Her breasts felt like great pillows.
“SO THE GIRL CHANGED HER STORY? ” Mr. Hearst asked the next morning.
“She said that was never her story.”
“But the assistant D.A.—what’s his name, Pisser?”
“U’ren, sir.”
“So ole U-rine is saying the girl was bribed.”
“I don’t know what Mr. U’ren is saying, but it looks like the girl was coerced into giving the statement. Miss Prevon-Prevost was arrested the other night at that dry raid at the Old Poodle Dog.”
“I read the story.”
“Yes, sir.”
The reporter, whatever his name was, seemed to be having a hard time standing there with his tablet in his hand and ink on his fingers, waiting for Mr. Hearst to spell out the story for him. Or maybe it was because Hearst was wearing war paint and an actual Indian headdress that had belonged to Sitting Bull.

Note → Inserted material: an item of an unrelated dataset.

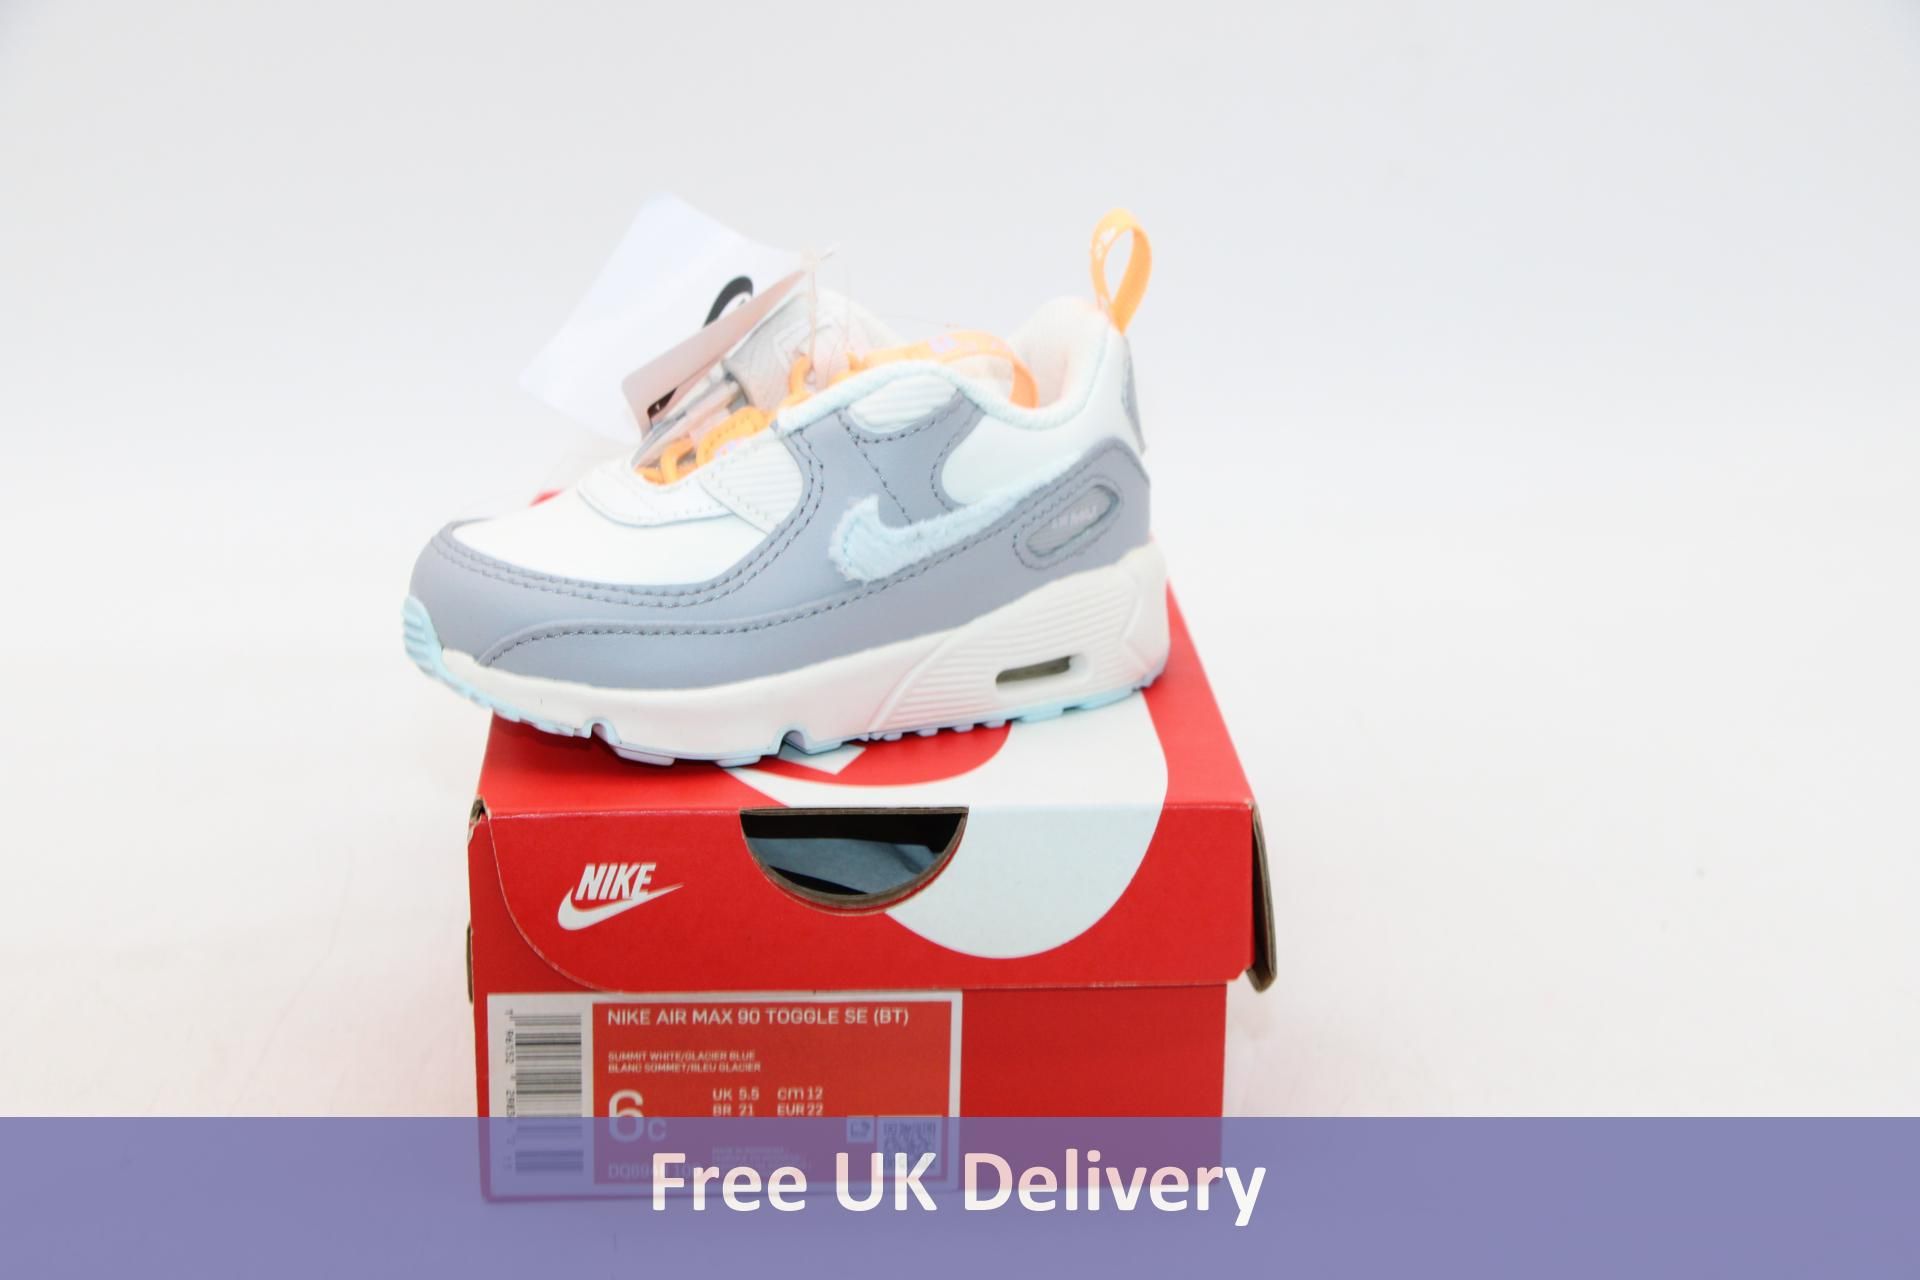 Two Pairs Nike Kids Trainers to include 1x Air Max 90 Toggle, White/Blue, UK 5.5, 1x MD Valiant TDV,

Hearst took off the headdress, much to the disappointment of his six-year-old twin boys, who shot another arrow from the top floor of the Hearst Building out onto Market Street.
Hearst leaned into his desk and jotted out some notes. “Randolph, Elbert: Settle.”
The boys, dressed in identical blue Eton suits with knickers, looked at each other and sat down on a short couch, arms crossed over their chests and not saying a word.
“Can we get to the girl?”
“No one can find her. U’ren and Judge Brady put her somewhere. That other showgirl, Miss Blake, has disappeared all together.”
“What about this Delmont woman?”
“She’s sticking with the story that Virginia Rappe told her that Arbuckle had crushed her.”
“Wasn’t enough to get murder with the grand jury. What’s Judge Brady saying about manslaughter?”
“He says he’s looking for a second opinion in police court.”
“Will that work?”
The reporter shrugged. “If the police judge agrees, he can still try Fatty for murder.”
“What about this other woman?”
“She’s waiting outside, sir. That’s who I wanted you to meet.”
“Would you like a turkey leg?” Hearst said, pulling a big drumstick off a china plate and holding it out to the skinny young man. The young reporter shook his head and walked from the room, returning seconds later with the homeliest woman Hearst had ever seen. She looked like Buster Brown as an old unkempt man.
“This is Nurse Cumberland.”
“Good God,” Hearst said, and looked to his sons with wide eyes. Randolph whispered to Elbert, and the boys giggled from the little couch.